Given material:
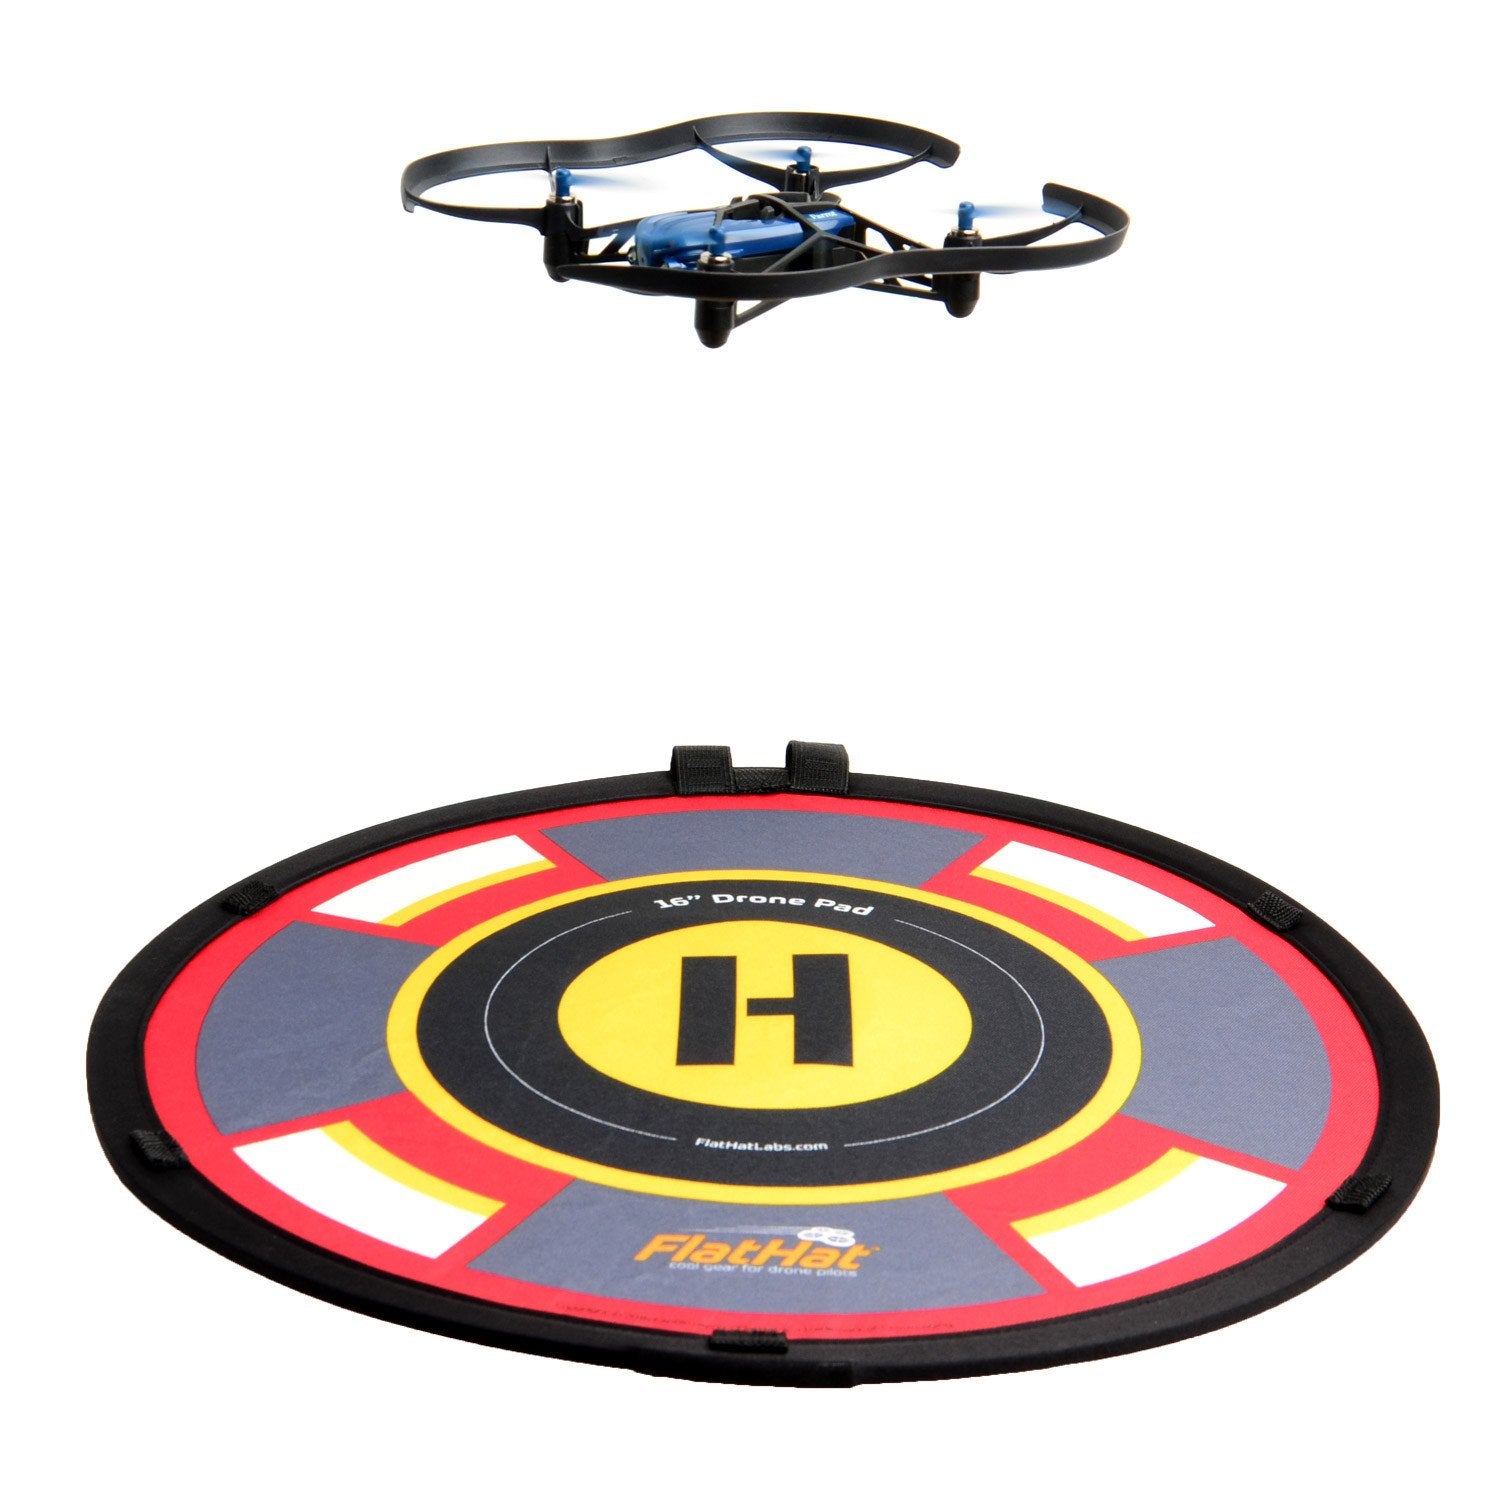 FlatHat 16" (40cm) Collapsible Drone Pad - Red Gold - Photo-Video - ExpoImaging - Helix Camera 
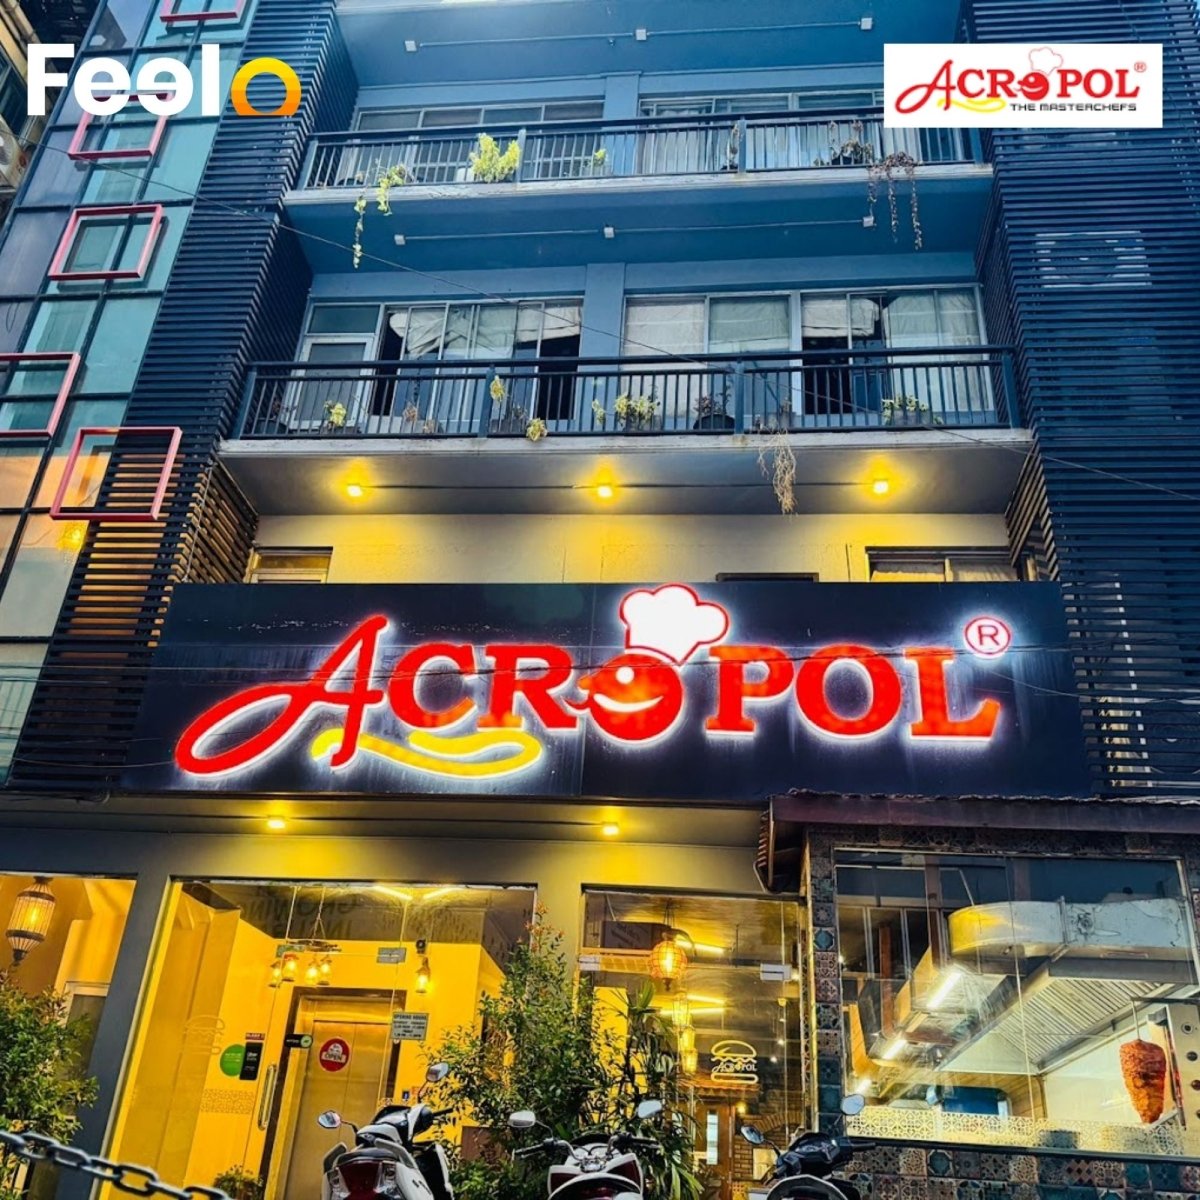 1x Chicken Kurma with Indian parata for 2 people - Acropol Restaurant, Colombo 03 | Feelo
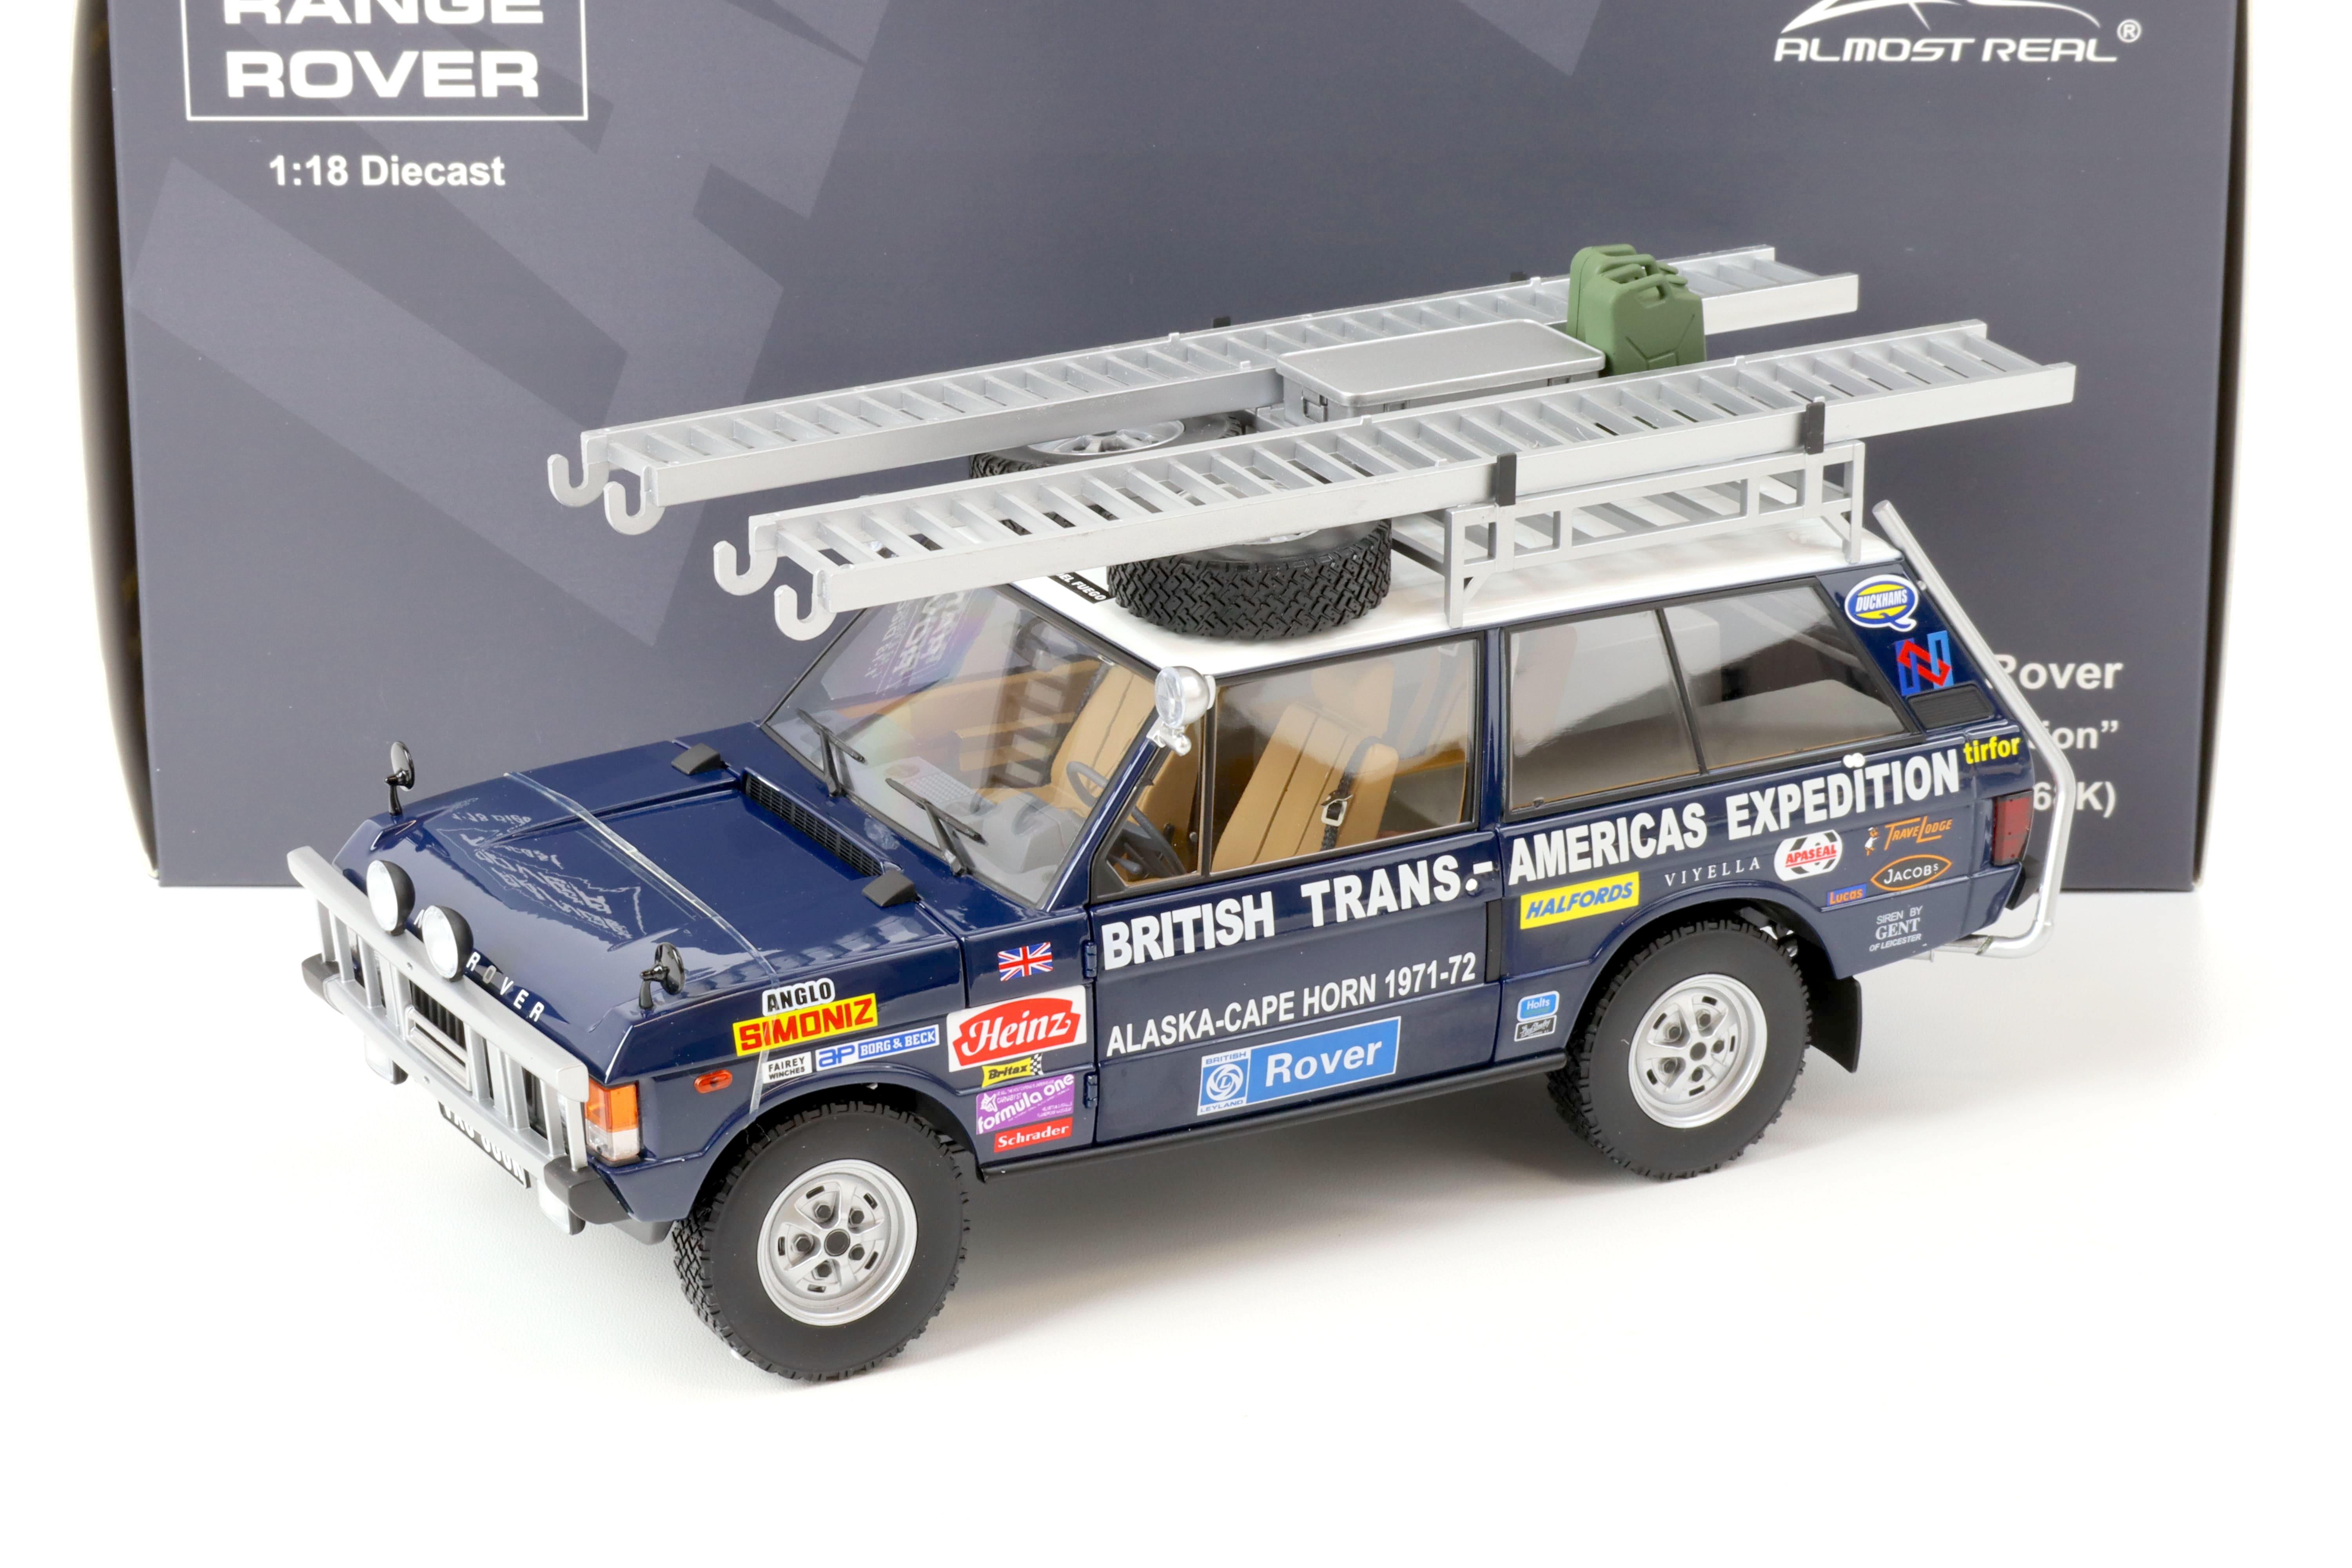 1:18 Almost Real Land Rover Range Rover Trans-Americans Expedition 868K 1971-72

Assignment: Print the data exactly, from its first line to the line containing "1x Chicken Kurma", both included. Omit the pictures.

Response area:
 FlatHat 16" (40cm) Collapsible Drone Pad - Red Gold - Photo-Video - ExpoImaging - Helix Camera 
 1x Chicken Kurma with Indian parata for 2 people - Acropol Restaurant, Colombo 03 | Feelo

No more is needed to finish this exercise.